Bill Ackman, Manuel Asensio, Jim Chanos, David Einhorn, Carson Block, Bill Fleckenstein, Doug Kass, David Tice, Paolo Pellegrini, and Marc Cohodes are the featured investors. We learn about their early years, how they ended up being short sellers, even the significance of their fund names. Why Muddy Waters, for instance? Block, trying to find a good name for his nascent firm, recalled a Chinese proverb: “Muddy waters make it easy to catch fish.”
We read about positions that worked and those that didn’t—and what these investors learned from the latter. We learn how they construct their portfolios (including long positions) and how they try to mitigate risk (sometimes with options).
Each short seller has his own style, but the investors profiled in this book share some common traits. They are passionate, they work exceedingly hard, and they are resilient—even those who ultimately didn’t make it. They scour the equity markets looking for stocks whose price significantly overstates their value. Some have macro theses, some are more akin to microbe hunters. But they are all looking for stocks that should, if they are correct and if other investors embrace their research, fall. Even in a rising market, though that is sometimes too much to hope for.

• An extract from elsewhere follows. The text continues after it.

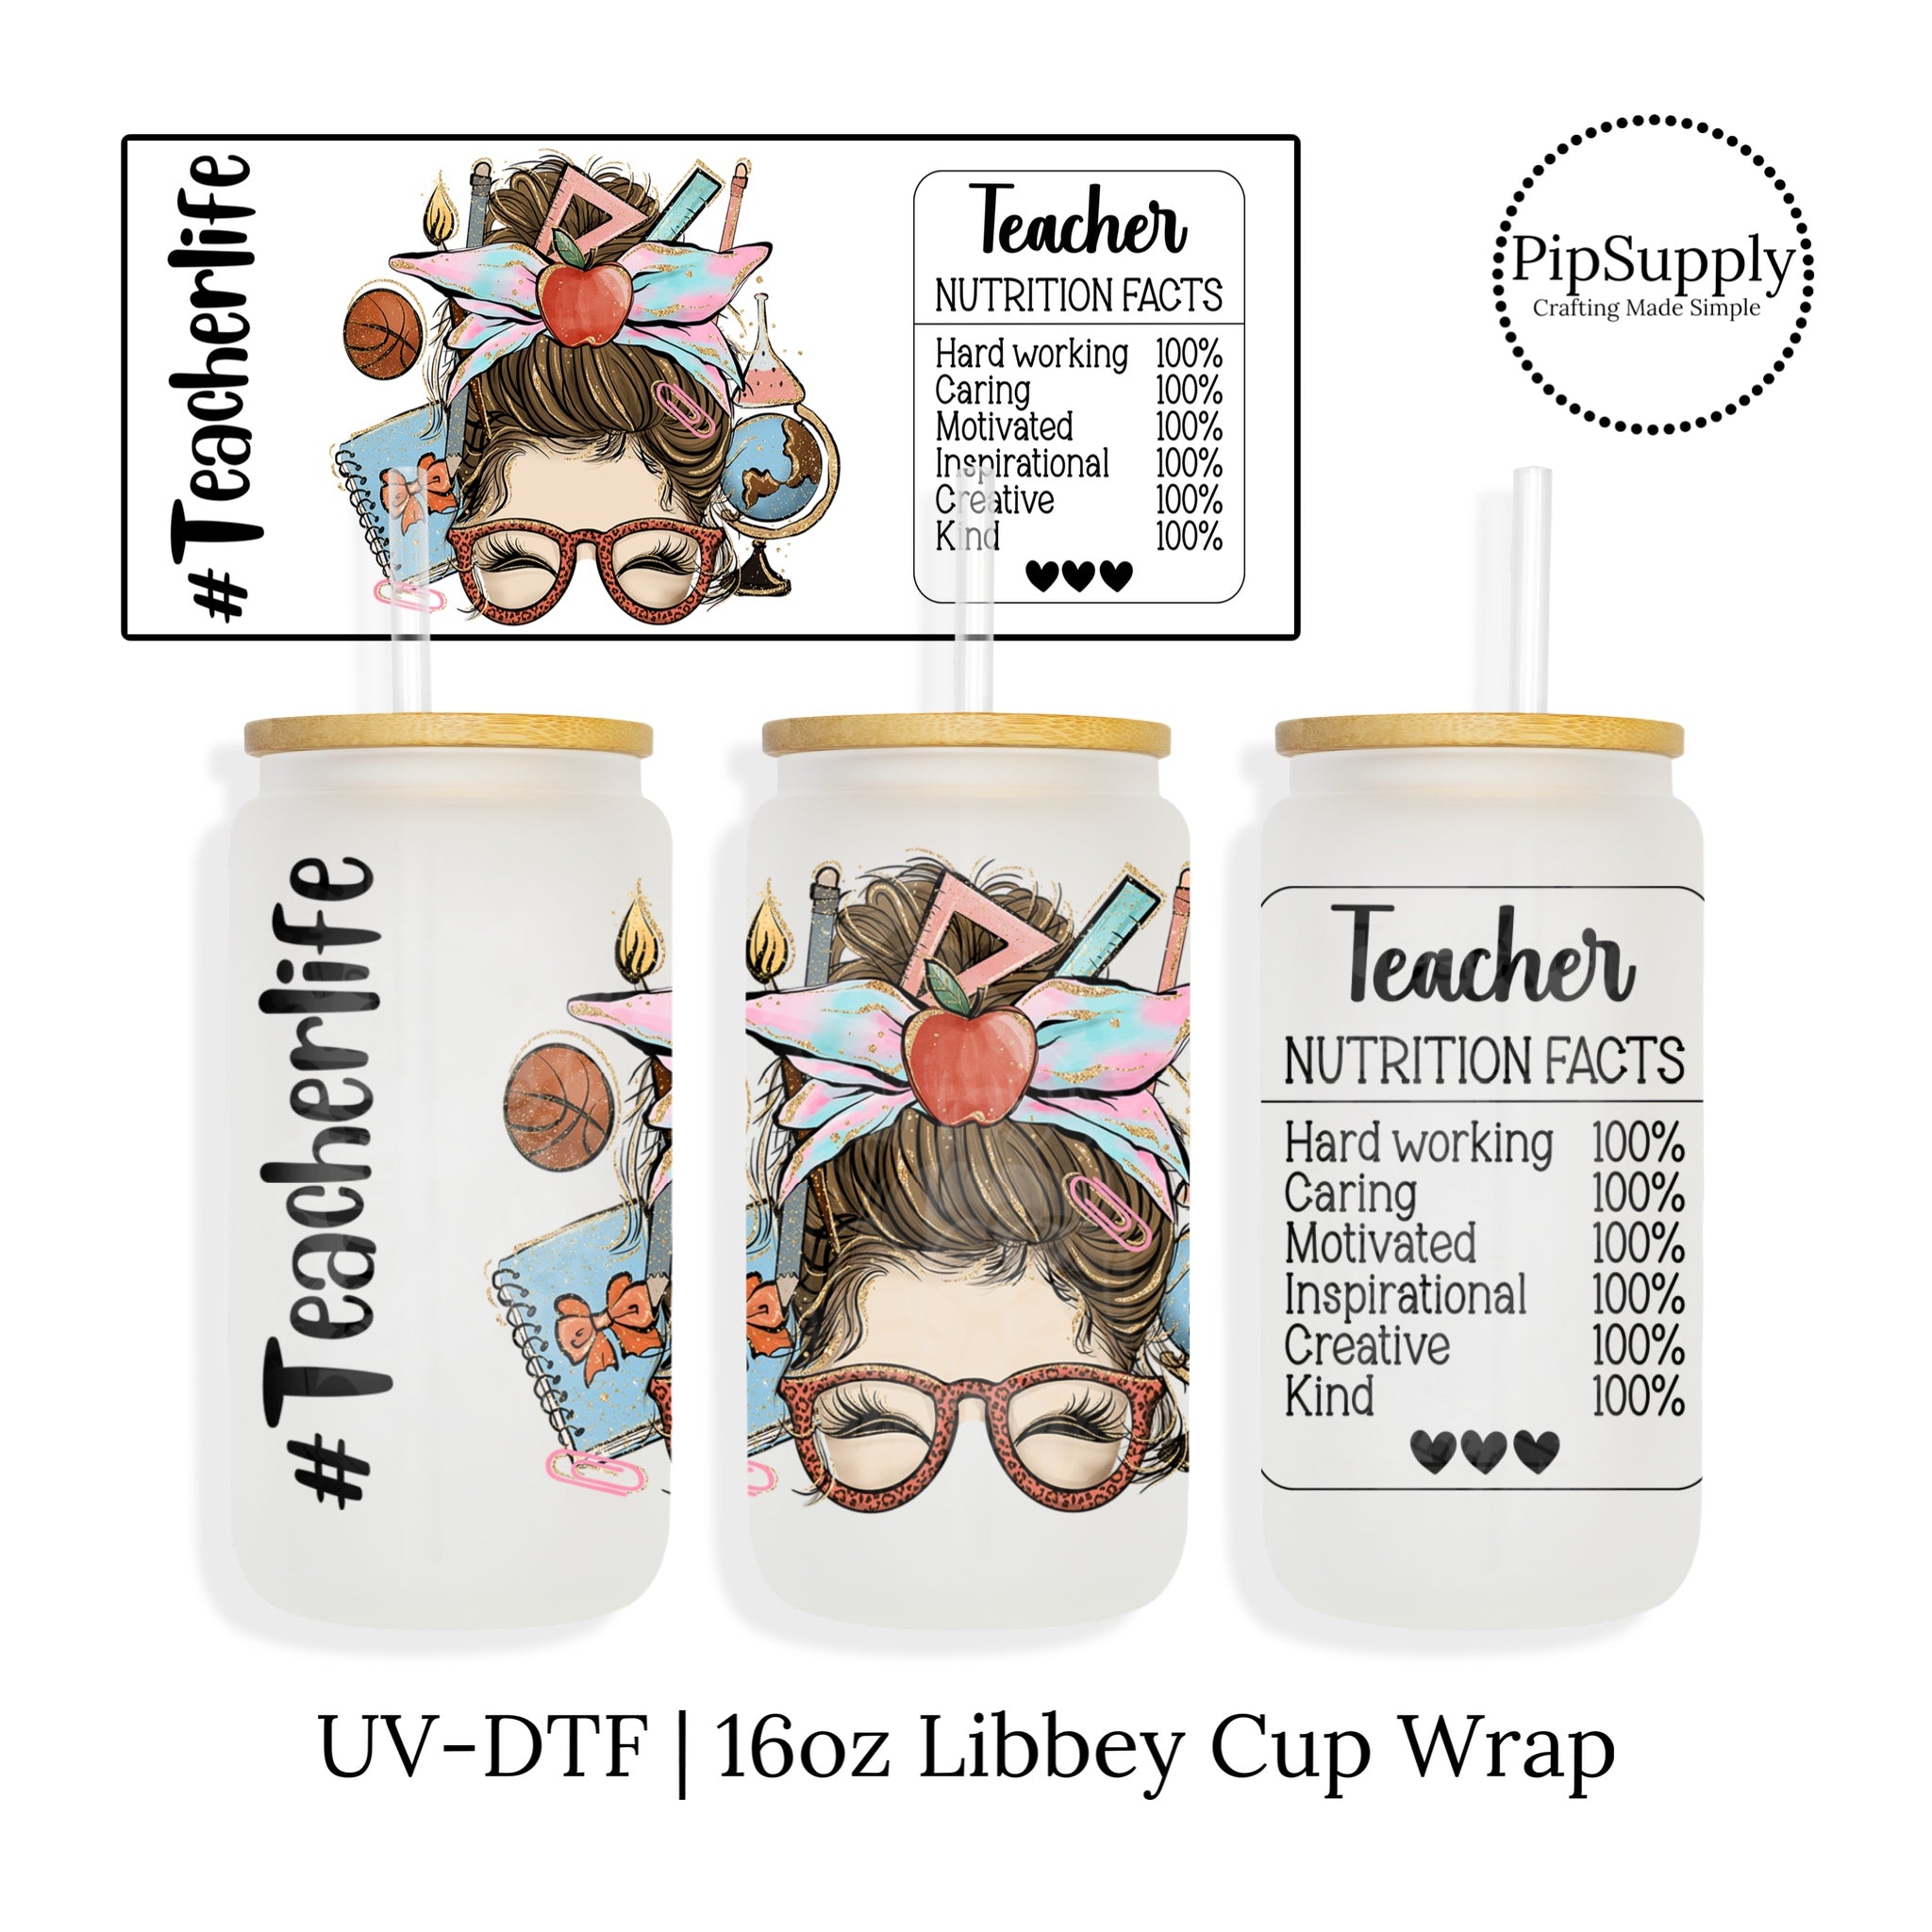 Leopard Rainbow Teacher Life UV-DTF Cup Wrap

The Most Dangerous Trade is a book that’s hard to put down. Teitelbaum knows how to keep his reader involved. Whether you just like a good story or are thinking about starting a hedge fund, whether you are an individual investor who wants to learn how to pick stocks or an institutional investor debating portfolio construction, Teitelbaum’s book will speak to you. If you don’t come away with at least one or two good ideas, you didn’t read it carefully enough.